The following figure compares the algorithms:
Looking more closely with a confusion matrix, I can really start to evaluate the model. The Gradient Boosted Tree gave great results as the model correctly predicts the majority of all the hazardous samples (with 89% recall). While the false positive rate is higher than would be desirable, the model still successfully identifies 75% of all safe samples correctly. Taken together, following this model would reduce the sampling workload of the Department of Health by over 1/3rd.
Here is the confusion matrix:
Not surprisingly, the top features are the direct measures of the water, the water turbidity and salinity. The next most important feature is the max precipitation at two days prior to the sampling. This also makes sense, given that it may take multiple days for rainwater to carry island runoff into the beach water. Interestingly the time of year feature (“Month”) had very low importance, which may be because Hawaii does not have traditional seasons.
The following shows feature importance:
In summary, I’ve created a model that accurately predicts bacterial contamination in Hawaii’s beach water with a true positive rate of 89%. Sampling according to this model would reduce the workload by over 1/3rd.
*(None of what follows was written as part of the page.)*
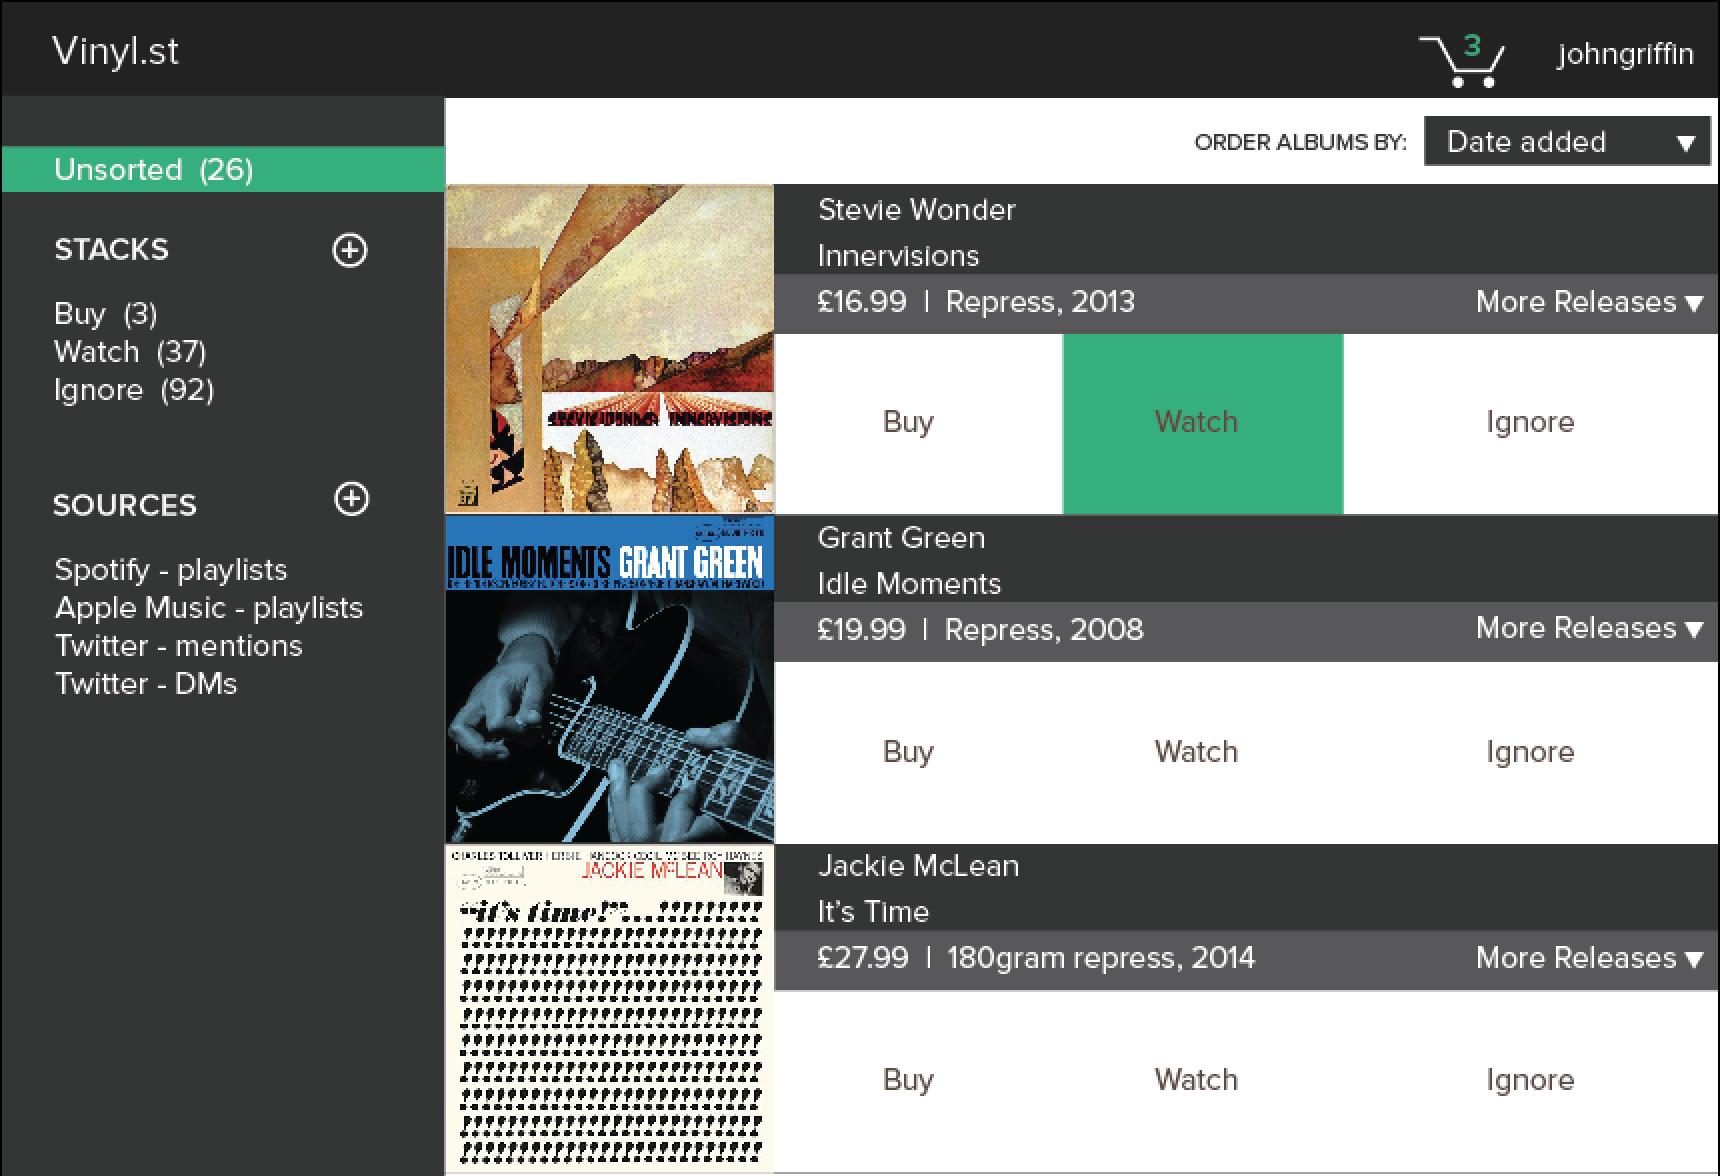 Mock up of Vinyl.st app

The development of this project spanned only 3 weeks at Insight as a results there are many interesting avenues that I did not have time to explore.
Since these hazardous bacteria are naturally found in human and animal excrement, the beach’s proximity to cesspools and sewer lines could play an important role in its probability of contamination. Popular beaches with heavy human usage could also lead to higher levels of contamination. Additionally, beach water movement could dilute out the hazardous bacteria, suggesting that current strength and waves could be an important features.
While this data was trained and tested specifically on Hawaii beach water data, I am interested in how this model could be transferred to other locations. In this case, the feature importance may change. For example, the time of year could become more important, depending on the seasonality of the location, and the time delay between predictive rain and sampling could change, depending on the geography.
This project was developed as part of my participation in the Insight Data Science Fellows Program. Many thanks to my fellow Fellows for their insights and help in the development of this project.